How to remove data frame column with a single value
You can do:
df1[c(TRUE, lapply(df1[-1], var, na.rm = TRUE) != 0)]
# Item_Name D_1 D_3
# 1 test1 1 11
# 2 test2 0 3
# 3 test3 1 1
where the lapply
piece tells you what variables have some variance:
lapply(df1[-1], var, na.rm = TRUE) != 0
# D_1 D_2 D_3
# TRUE FALSE TRUE
In dplyr
, we can use n_distinct
to count unique values and select_if
to select columns
library(dplyr)
df1 %>% select(where(~n_distinct(.) > 1))
#For dplyr < 1.0.0
#df1 %>% select_if(~n_distinct(.) > 1)
# Item_Name D_1 D_3
#1 test1 1 11
#2 test2 0 3
#3 test3 1 1
We can use the same logic with purrr
's keep
and discard
purrr::keep(df1, ~n_distinct(.) > 1)
purrr::discard(df1, ~n_distinct(.) == 1)
Apart from that data.table
way of doing it could be
library(data.table)
setDT(df1)
df1[, lapply(df1, uniqueN) > 1, with = FALSE]
Or probably this is smarter/better
df1[, .SD, .SDcols=lapply(df1, uniqueN) > 1]

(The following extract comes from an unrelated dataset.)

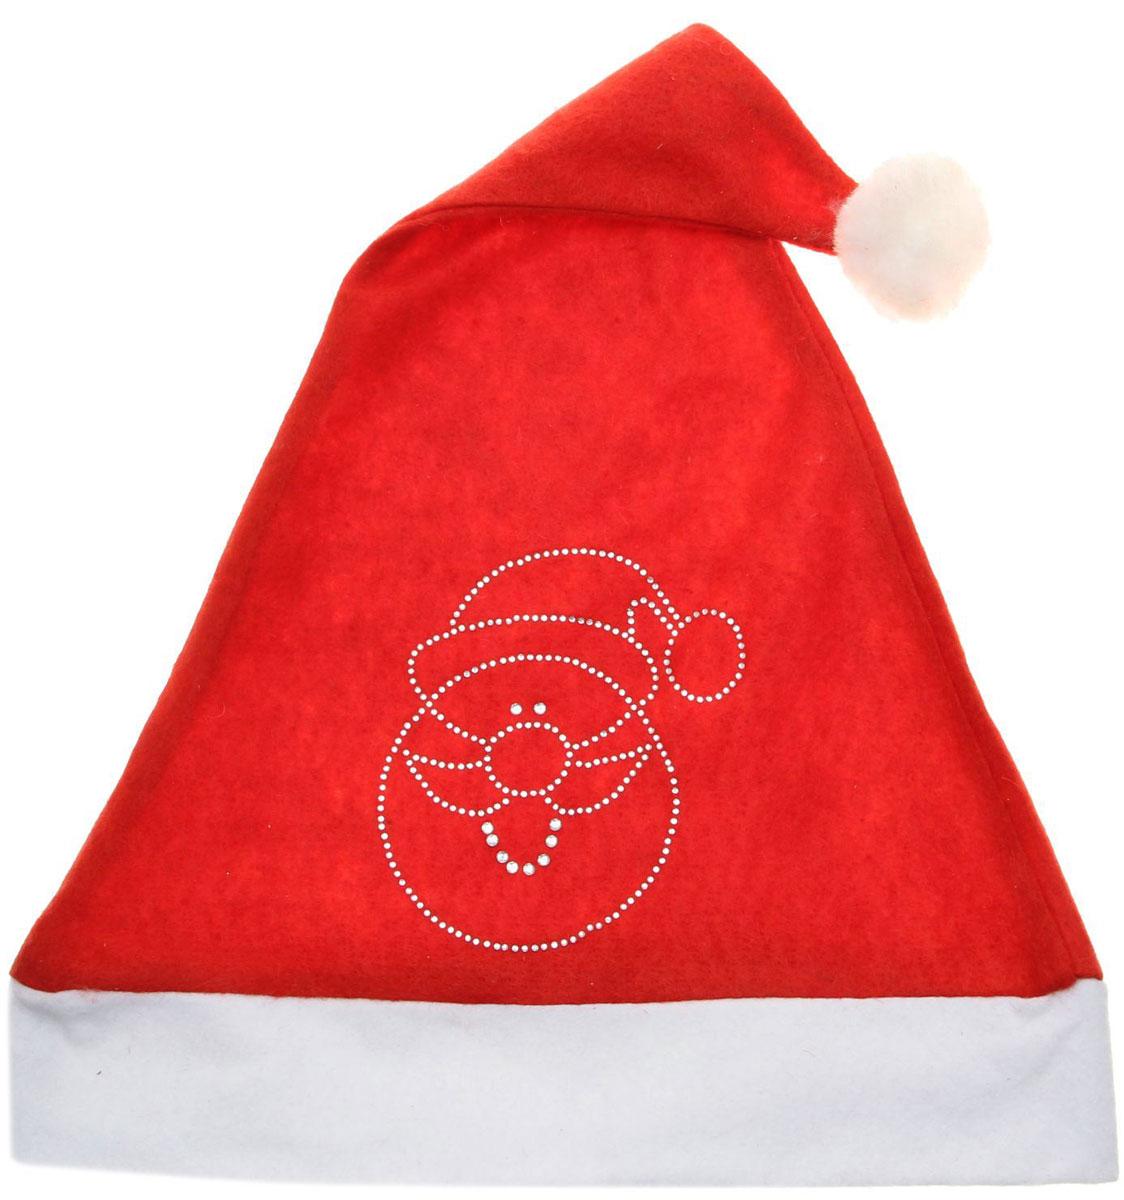 Колпак новогодний Дед Мороз, 29 х 38 см. 13905951390595Поддайтесь новогоднему веселью на полную катушку! Забавный колпак в секунду создаст праздничное настроение, будь то поздравление ребятишек или вечеринка с друзьями. Размер изделия универсальный: аксессуар подойдет как для ребенка, так и для взрослого. А мягкий текстиль позволит носить колпак с комфортом на протяжении всей новогодней ночи.

In all the above approaches you could replace n_distinct
/uniqueN
with var
or sd
function after subsetting only numeric columns.
For example,
df1[-1] %>% select_if(~sd(.) != 0)
Filter
is a useful function here. I will filter only for those where there is more than 1 unique value.
i.e.
Filter(function(x)(length(unique(x))>1), df1)
## Item_Name D_1 D_3
## 1 test1 1 11
## 2 test2 0 3
## 3 test3 1 1